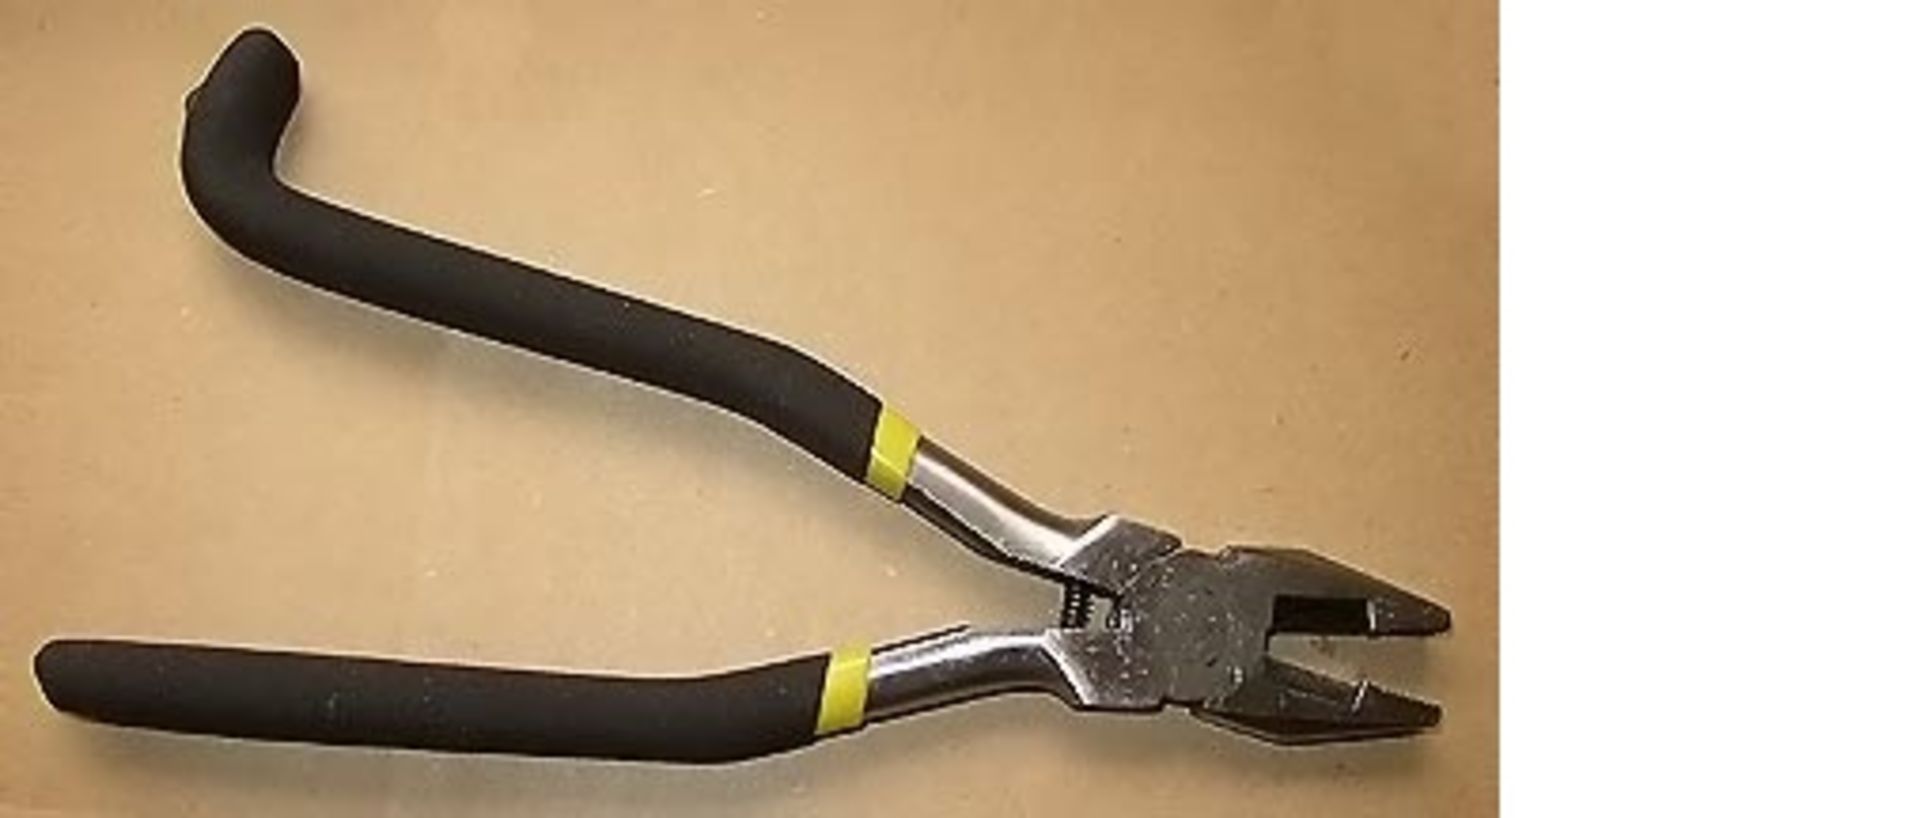 10 inch Iron Work Plier
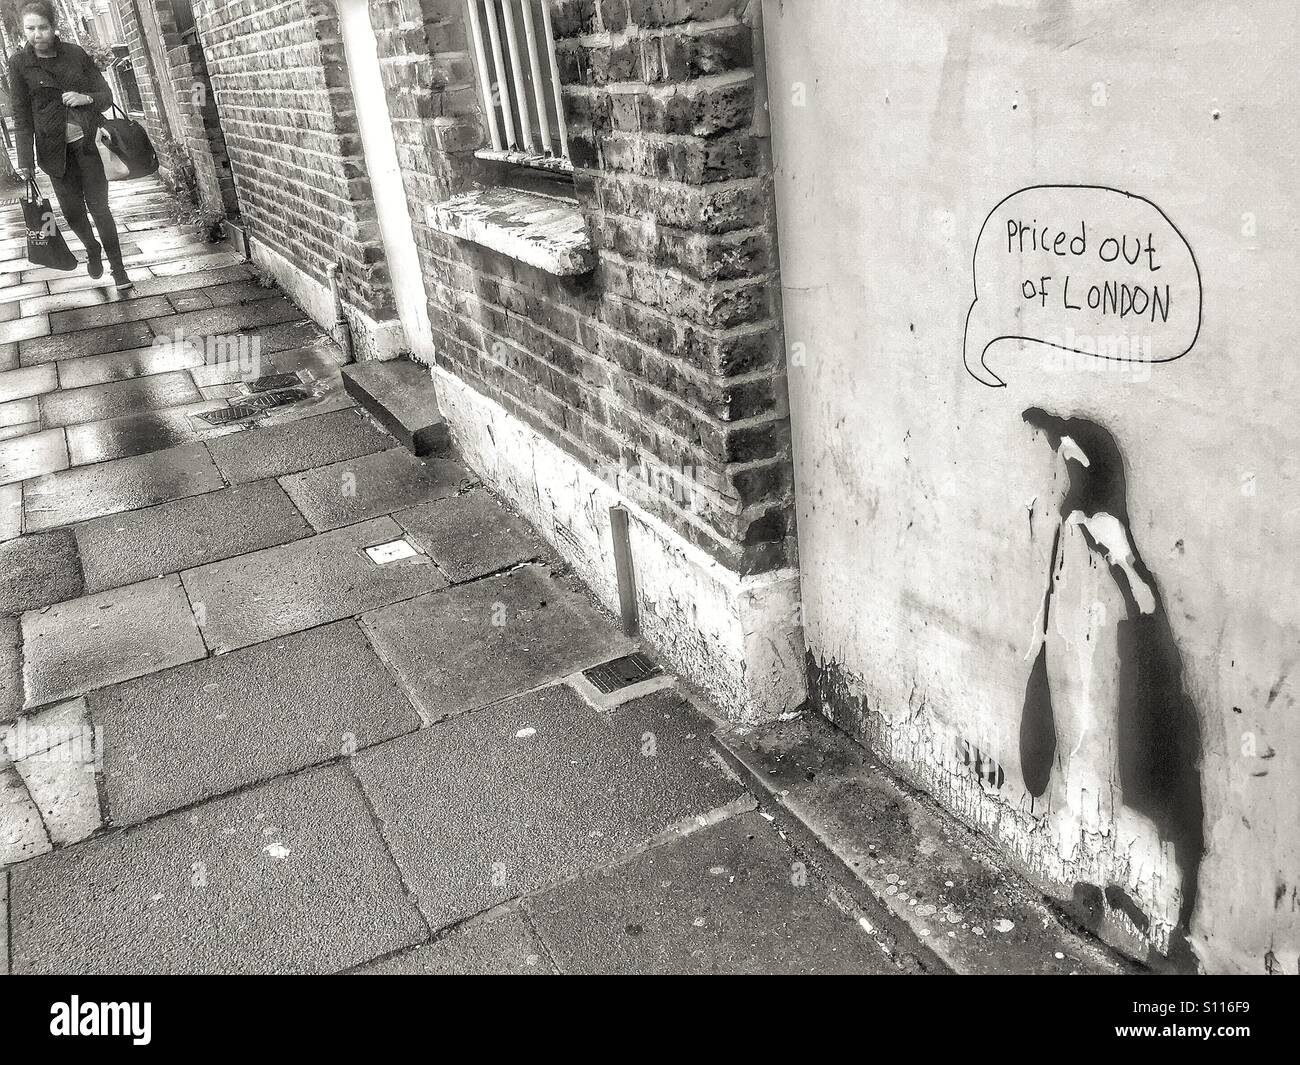 A prezzi fuori di Londra. Graffiti e arte di strada sulla scaletta di Harringay. London, Regno Unito Foto Stock
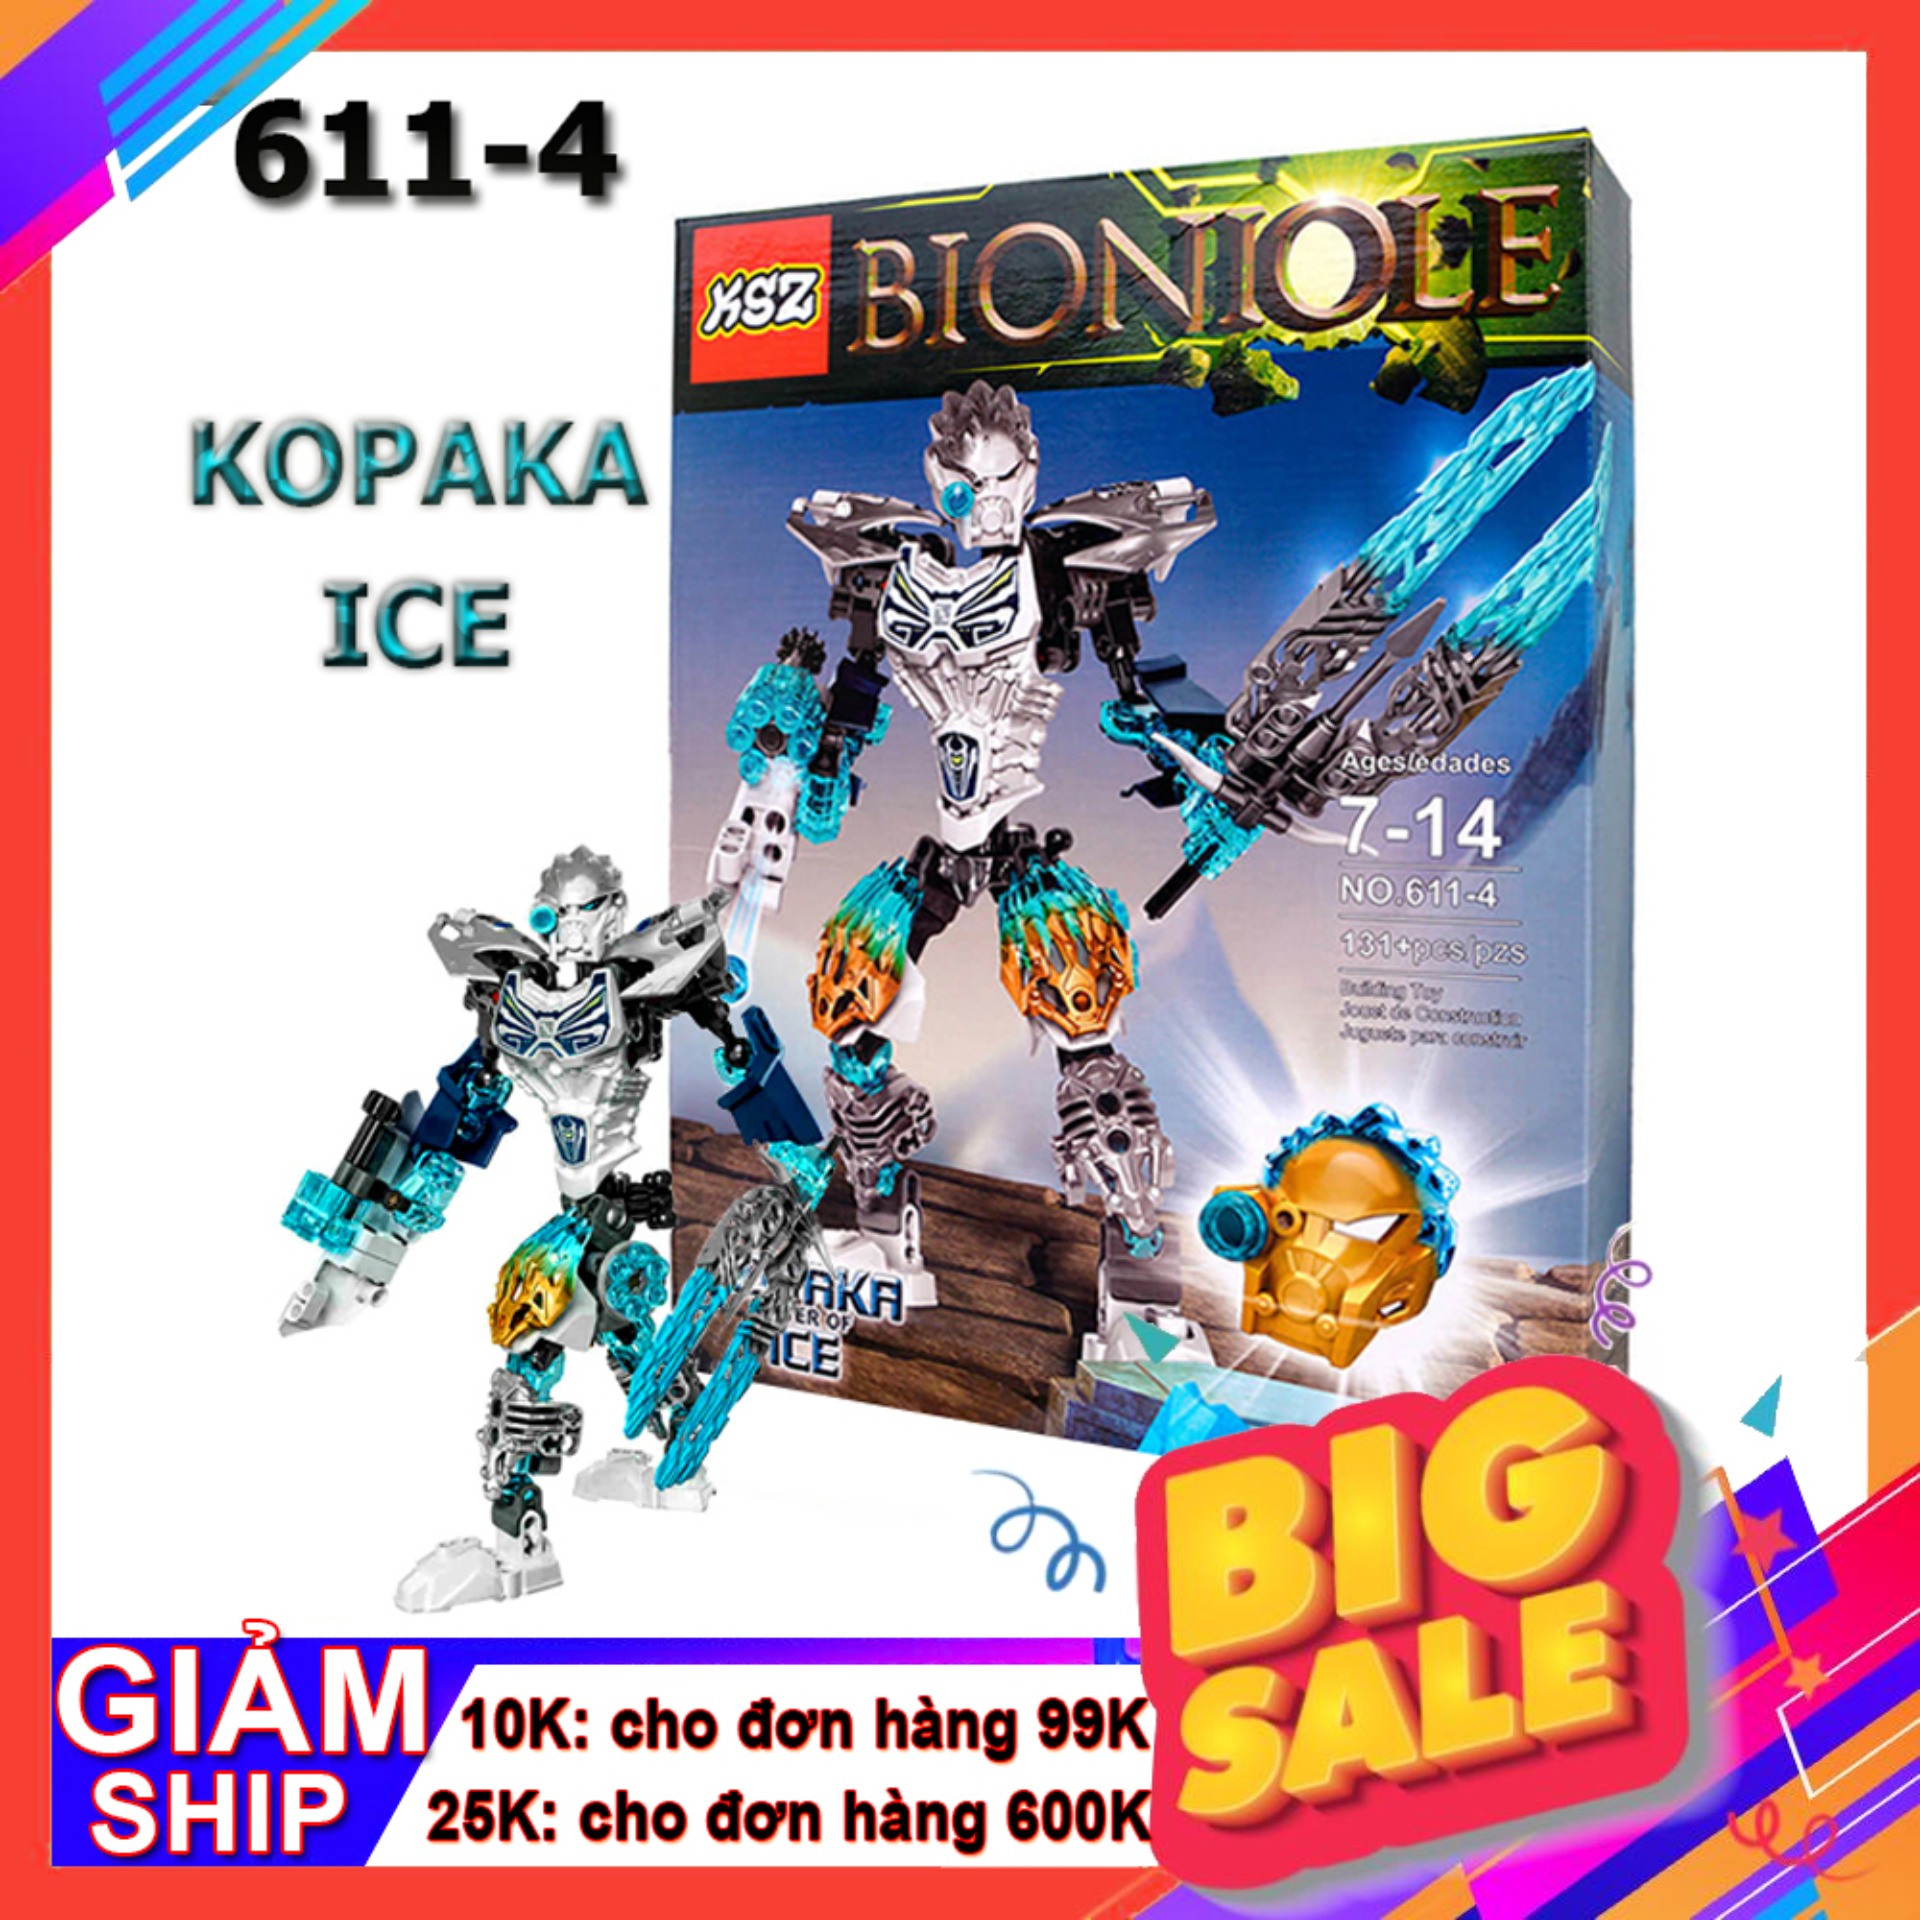 Đồ chơi ghép hình Bionicle 611-4 Kopaka Ice
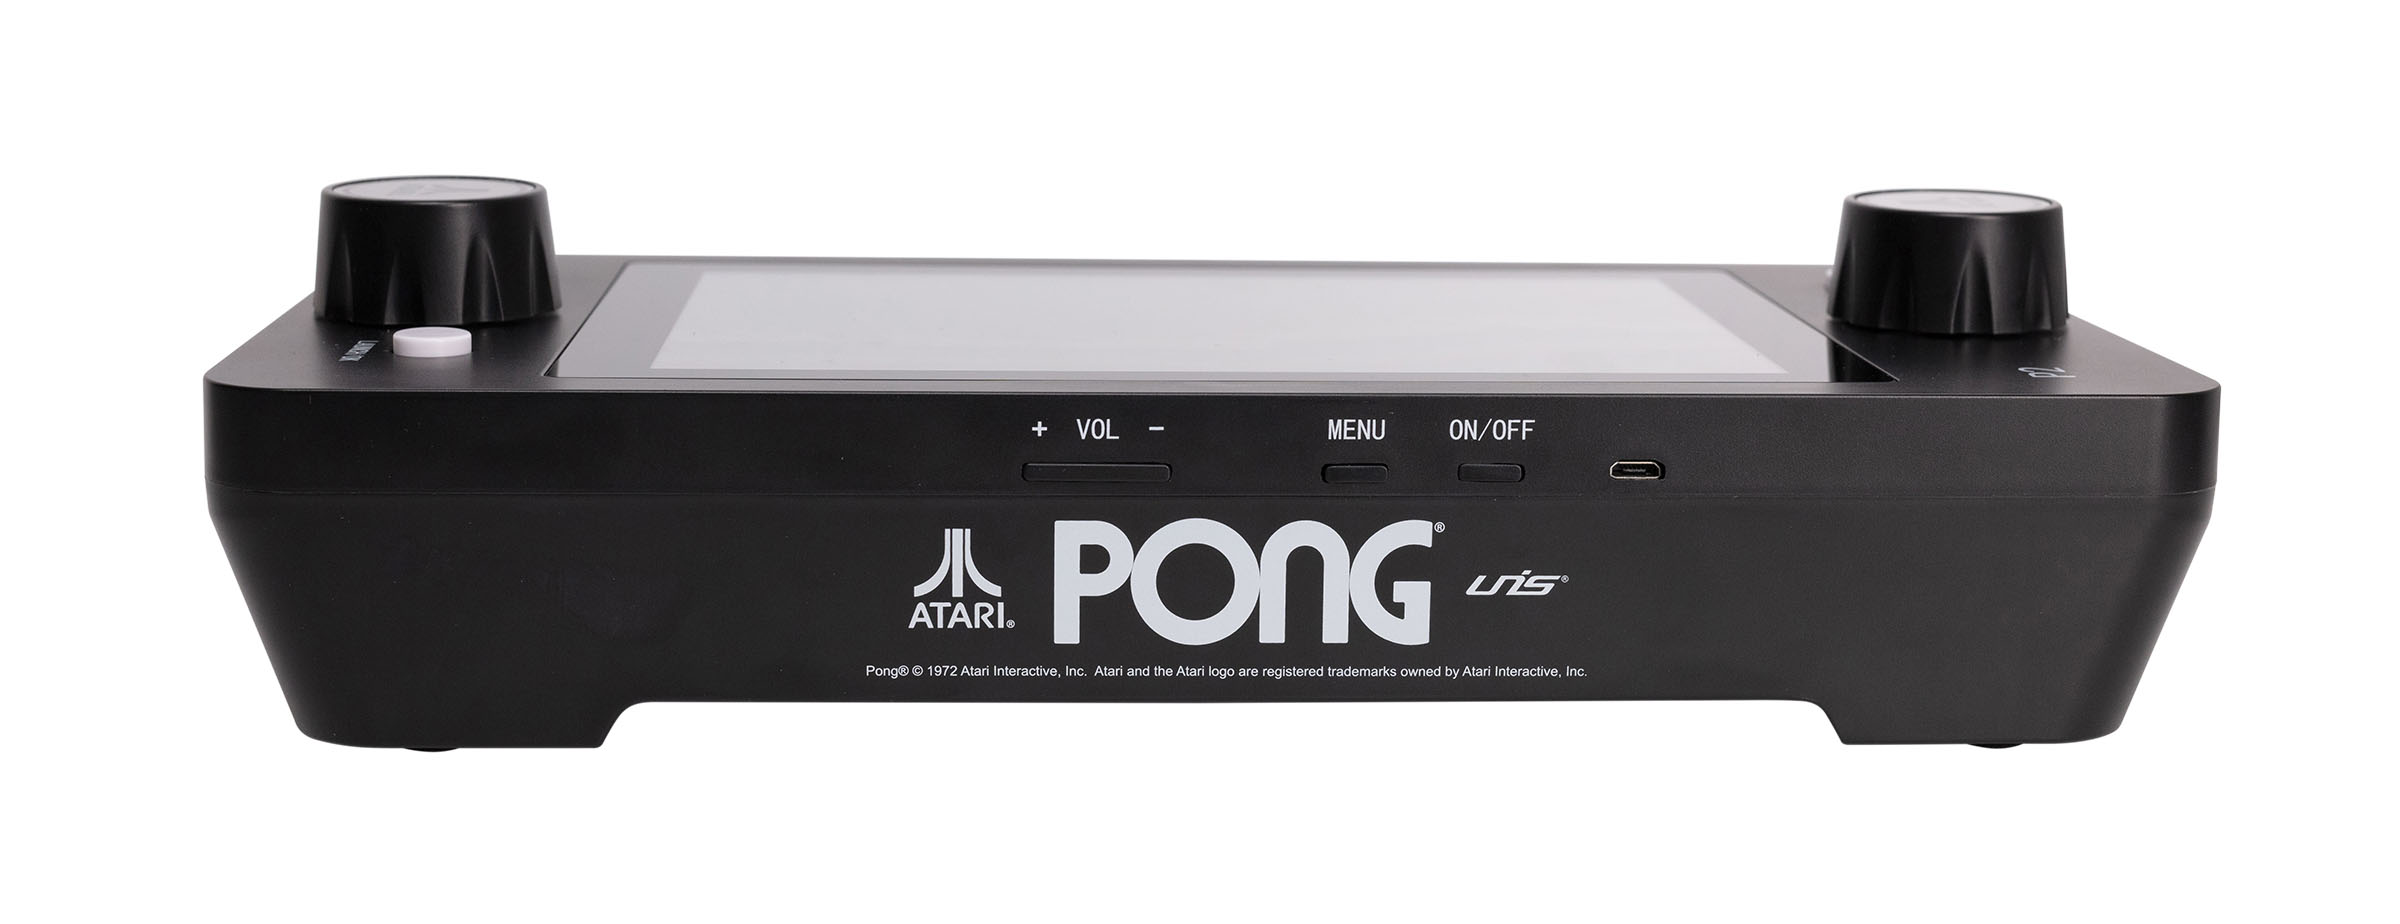 Mini PONG Jr, Atari

# Task details
All of the lines above should be copied exactly, apart from the pictures.

# The answer
 10 inch Iron Work Plier
 A prezzi fuori di Londra. Graffiti e arte di strada sulla scaletta di Harringay. London, Regno Unito Foto Stock
 Đồ chơi ghép hình Bionicle 611-4 Kopaka Ice
 Mini PONG Jr, Atari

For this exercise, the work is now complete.